With the “Young and Curious” portfolio, our core focus is on kids aged 2 to 11, with a great attention to their families. The approach differs from more classic travelling exhibitions in the sense that these exhibitions provide low tech, hands on, contemplative and active experiences, designed specifically to engage with non-readers and early readers, but also their families, with an international and inclusive approach.

These exhibitions provide low tech, hands on, contemplative and active experiences, designed specifically to engage with non-readers and early readers, but also their families.

®E. Laurent EPPDCSI
How does your team select the topics to address in these new exhibitions? What are the first topics you have been working on?

Our curators, and our marketing and project management teams, work together to identify themes that will bring our young visitors’ attention to science through concrete angles, and encourage them to be curious about their world. We search for easy entry points, themes that can speak to the largest numbers and which naturally spark curiosity. In that process, we seek for themes that are off the beaten track, and which can favour art & science angles.

We started the “Young and Curious” adventure with Opposites, which invited visitors to explore contrasting perceptions and nuances, and Playhuts, which took our young visitors inside unusual and poetic playhuts. Following the success of these first “Young and Curious” productions, we created, in 2022, Fragile!, which takes children on multiple explorations that leads them to experience the concept of fragility. We also produced, in 2023, Metamorphoses, where they can explore the scientific dimension as much as the almost magical aspect of transformations.

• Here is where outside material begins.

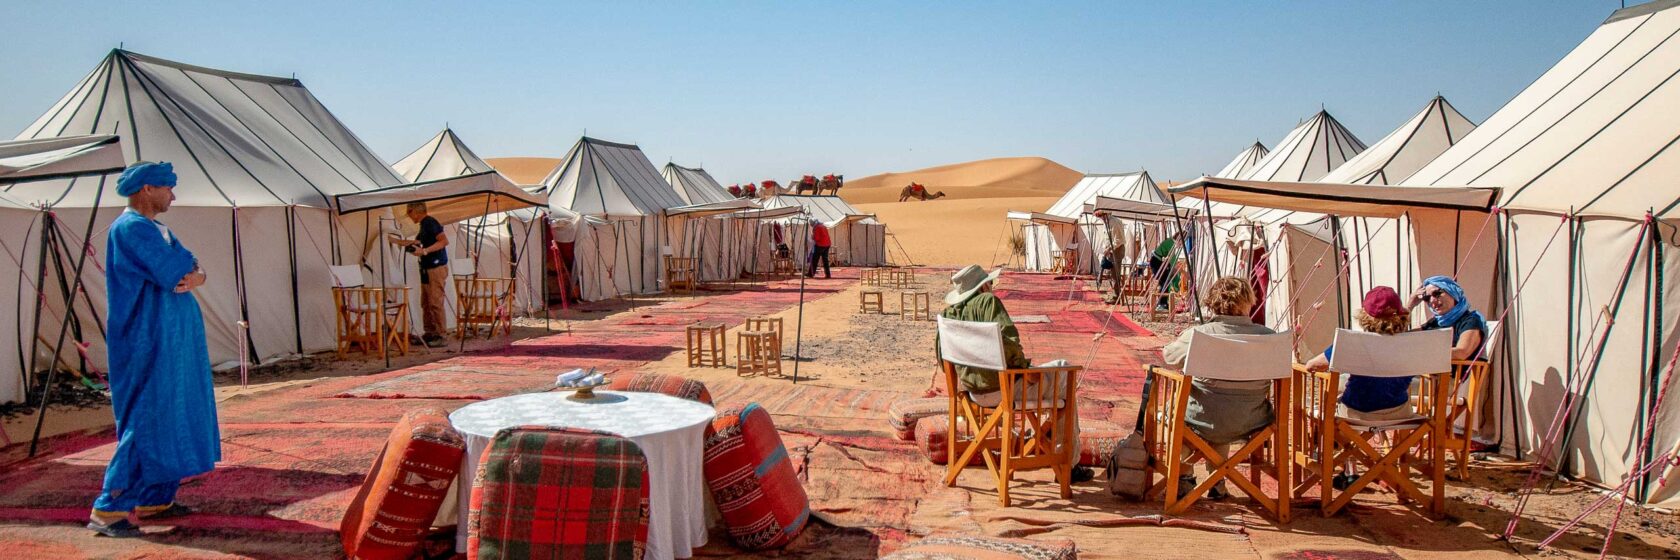 Travelers lounge among a dozen white canvas tents set up in Morocco’s Sahara Desert with colorful carpets and futons.

This year we will open our brand-new production, Dance.  As one of the earliest forms of self-expression for children, dance is a very natural theme, very well suited for a “Young and Curious” experience. The exhibit will explore dance both as an activity to enjoy, and a subject of study.  For this show, we will turn galleries into a ballroom and a dance studio, it will be very unique.

How do you build your inclusive and international approach for these productions?

With openness and innovation, inclusiveness is a core value of our institution, and from the very first steps, we integrate this requirement in the development of our exhibitions. Our specific focus on young audiences comes from this, our will to make sure that we truly engage with the widest audiences and take into account their specific needs, in all the activities we develop.

For each show, we work specifically to make sure the experience is accessible and enjoyable for the widest audiences. And that involves continuous study of audiences. This even led us, for Metamorphoses, to involve young children very early in the process. We worked with a large class group of children aged 6 to 11 years old to develop the exhibit. We discussed the ideas of transformations with them, and this interaction sparked great ideas and helped us design experiences that truly engage with this specific audience.

Copyright E. Laurent EPPDCSI

We specifically select topics and types of experiences that can engage audiences from different regions around the globe, that have some kind of universal appeal.

With each exhibition, we also provide a mediation toolkit, which supports scientific facilitators in their work engaging with the younger audiences and their families.

The international appeal of the created experience is also key for us, as part of this approach we have, to share science with the widest audiences, beyond our walls. We specifically select topics and types of experiences that can engage audiences from different regions around the globe, that have some kind of universal appeal. Topics which can arouse curiosity with the largest audience.

To that purpose we also of course foster flexible design which enables to easily adapt to a variety of exhibition rooms, with preconceived versions enabling the presentation in small venues all the way to big venues, and makes it possible to quickly install, dismantle, pack and unpack, transport and store, the complete exhibition set ups and displays. We have a full process for flexible size adaptations, language adaptations, and our exhibitions are designed with robust and easy-to-maintain materials to enable multiple venue touring. National and international touring is part of the process from concept stage for each project.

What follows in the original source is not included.